Svoltò l'angolo, e imprecò “Ma che...” nel vicolo un neon sfondato pendeva dall'entrata di un locale di spogliarelli chiuso da quando i pantaloni a zampa erano ancora di moda, tamburellando luce ed ombra come le sue dita sul volante e proiettando la sagoma di qualcosa di cencioso e privo di sensi sdraiato a terra, accanto ad una Triumph in condizioni schifose con il finestrino in frantumi. Si avvicinò, accucciandosi accanto al qualcosa che era appena diventato qualcuno: un tizio magro da spavento stringeva convulsamente un cappello di lana nero in una mano dalle dita rotte, e nell'altra artigliava il manico della custodia di una chitarra, sporca di sangue rappreso su un lato, unica arma a disposizione per difendersi da chiunque avesse tentato di rubargli la macchina. Sbirciò dentro.

Pessima mossa. Una siringa fece capolino da sotto un sedile, una bustina di ero scoppiata aveva riversato il contenuto lì vicino, invitante come poco altro in quel momento, e un cucchiaio bruciacchiato era rimasto incastrato fra i sedili nella macabra imitazione di una bandiera a mezz'asta, solenne metafora delle loro esistenze. Sacchetti di patatine, lattine accartocciate, un kebab andato a male e morsicato a metà traballante sul cruscotto. Niente chiavi, niente fili tagliati.

Tornò a prestare la sua altalenante attenzione al tipo riverso sull'acciottolato umido, infagottato in una felpa nera col cappuccio.

“Hei bello, vedi di non essere morto perché non passerò quello che mi resta di questa notte di merda in una stazione di polizia” lo scrollò con poca gentilezza “Coso, non mi far perdere tempo andiamo” il viso era irriconoscibile, sfigurato di sangue rappreso, e i capelli, lunghi sulle orecchie, indefinibili nel distratto miscuglio di sporcizia e sangue incrostato. Li avrebbe dovuti tagliare, e parecchio.

L'altro alla fine mugugnò qualcosa, spalancando un occhio del giallo più innaturale che avesse visto in un essere umano. Almeno era vivo.

Serrò le dita buone attorno alla custodia nera e logora che stringeva ancora nella mano sinistra, e Lars non poté fare a meno di sorridere pensando che aveva preferito salvare la chitarra piuttosto che una dose. Era un coglione, ma gli piaceva.

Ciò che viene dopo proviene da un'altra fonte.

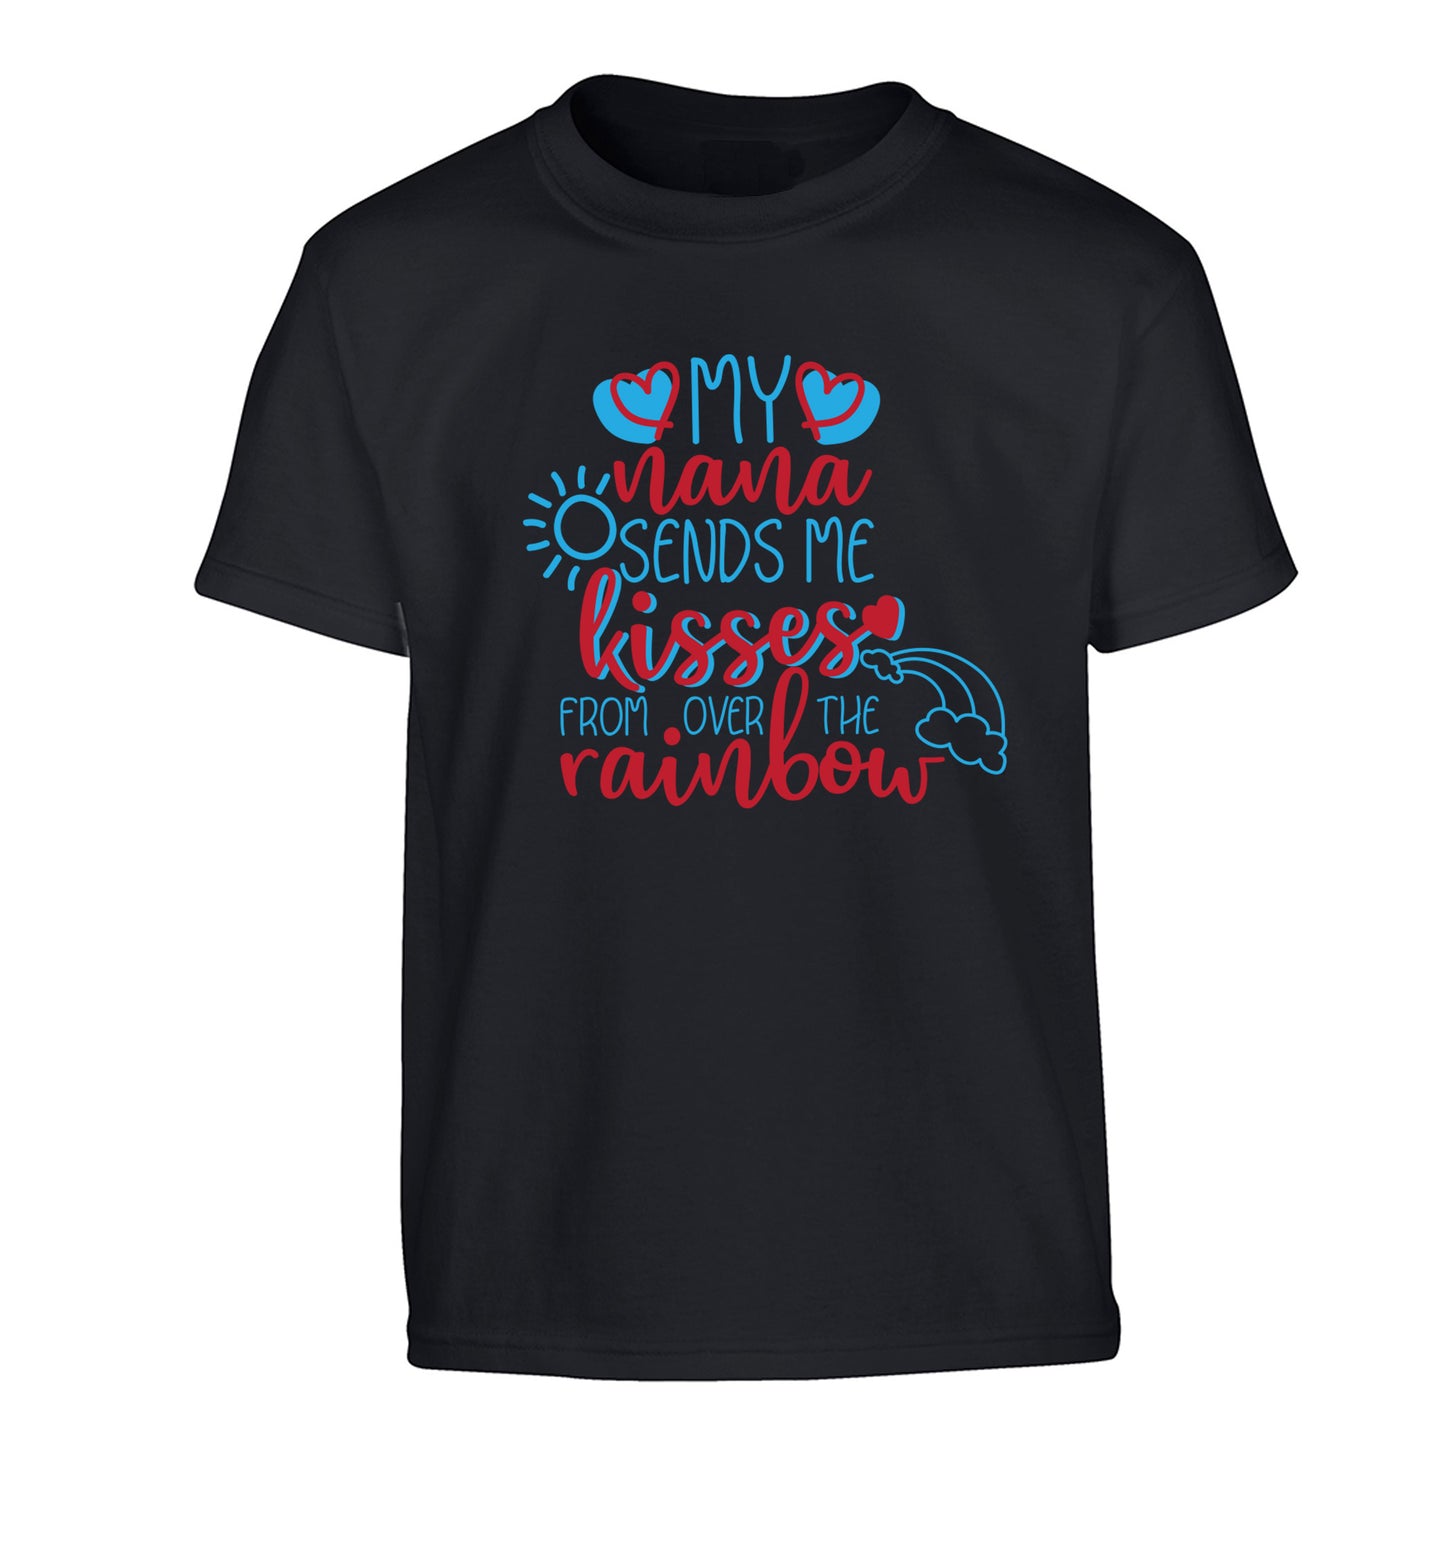 My nana sends me kisses from over the rainbow Children's black Tshirt 12-13 Years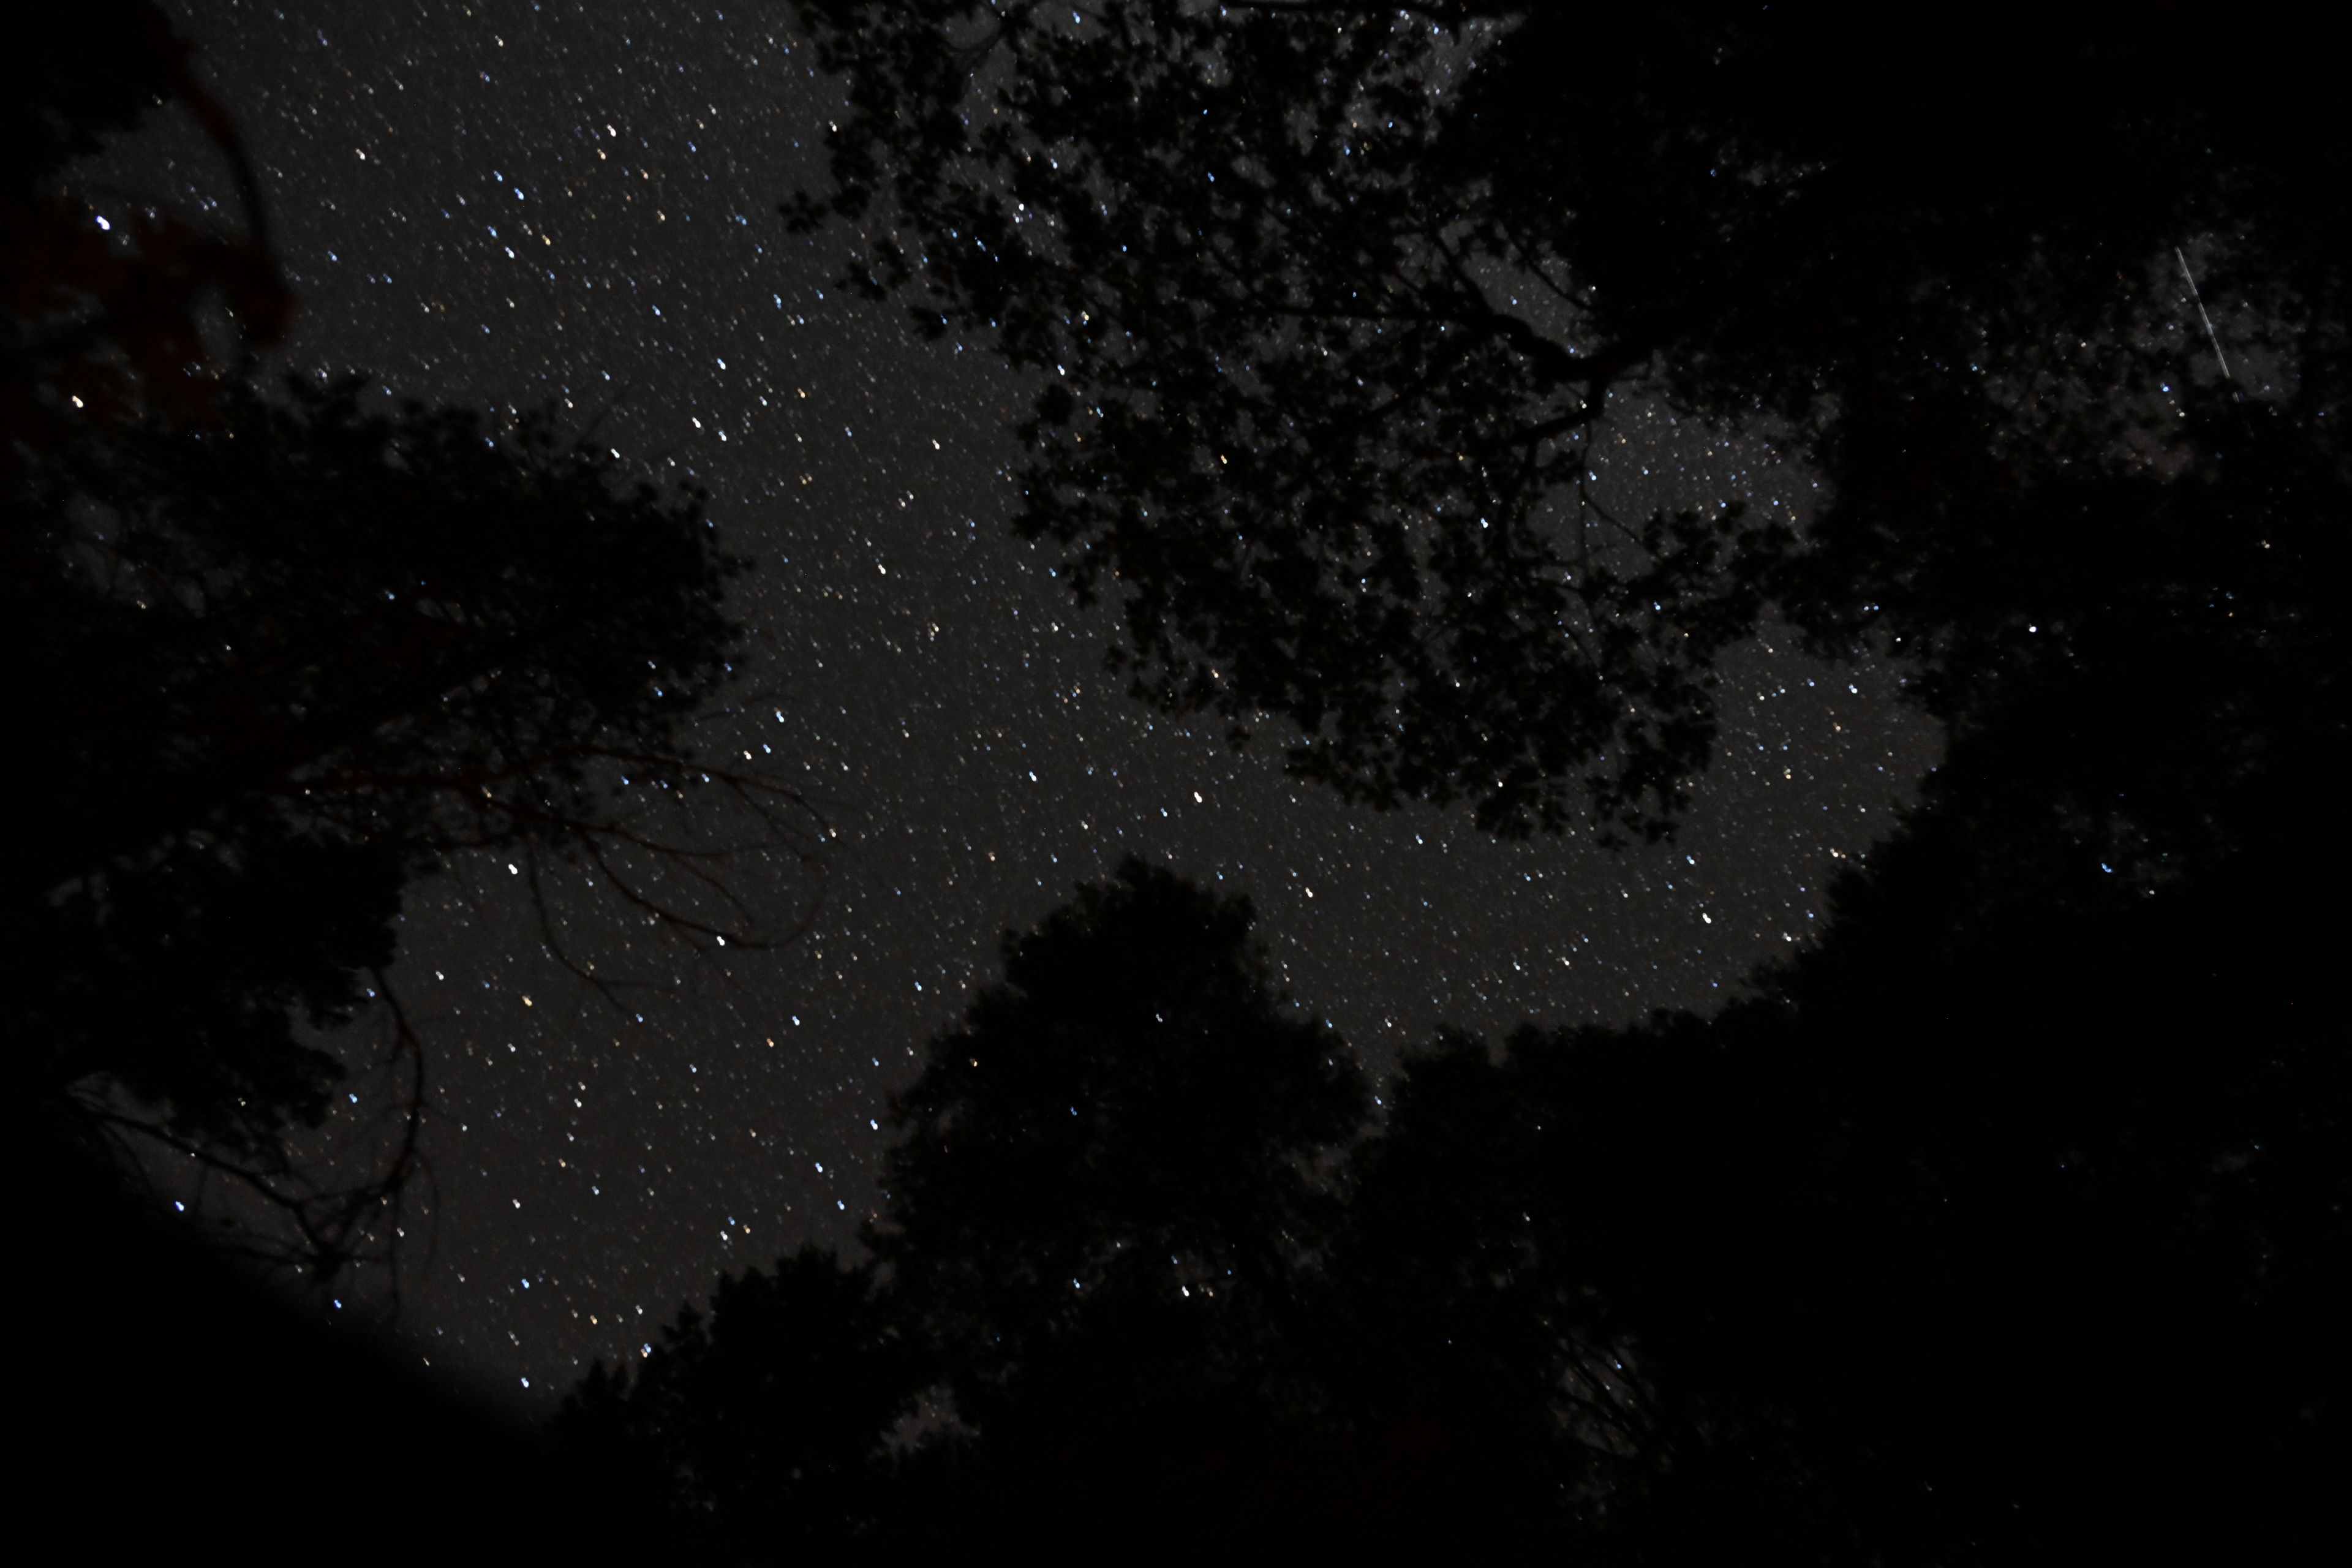 Night sky above the Deafy Glade Trail, 8W26, in Mendocino National Forest.

Il ragazzo scattò per ritrarsi da lui, ferino come un animale in gabbia, tremante ed emaciato

“Chi cazzo sei tu?” Lars sollevò gli occhi al cielo. Ragazzini.

“La fatina dei denti” sibilò “Bello, non so se hai notato, ma ti ho appena salvato il culo” si tirò in piedi, scrollando le mani sulle ginocchia irrimediabilmente compromesse dei jeans slavati “come ti chiami? Chi diavolo devo chiamare per venire a prenderti?” indicò la Triumph con un gesto secco del capo “E' tua questa macchina o hai solo cercato di rubare la droga che c'era dentro?” sogghignò “Ti capirei se fosse stata di qualità, ma quella è merda di topo mischiata a borotalco” merda particolarmente invitante, se proprio doveva dirla tutta. Ma non era lì per essere sincero, non era al mondo per essere sincero, quindi si limitò ad avvicinarsi di un passo, nell'attesa che il cane randagio ancora accucciato davanti a lui smettesse di mostrare i denti e cominciasse a collaborare.

“Chri...chri” tentò di biascicare

“Ma cosa sei un grillo? Cri, cri che?”

“Christopher, mi chiamo Christopher” evviva! Gli passò un braccio dietro la schiena e riuscì a tirarlo su. Le costole premevano contro la felpa, e le ossa del bacino sporgevano sotto i jeans troppo grandi, ma che un tempo, probabilmente, gli erano stati bene nel suo quartiere irlandese, mentre pomiciava con la biondina del primo banco sotto le gradinate. Poi era successo che un'altra lei aveva fatto il botto nella sua vita, e c'era stata solo bianca nella sua testa.

Lo addossò al muro con una smorfia

“Puzzi da far schifo” si accorse di aver tralasciato il vomito nell'accurata descrizione delle cose incrostate nei suoi capelli. Gli occhi gialli lo fissavano inquieti e inquietanti.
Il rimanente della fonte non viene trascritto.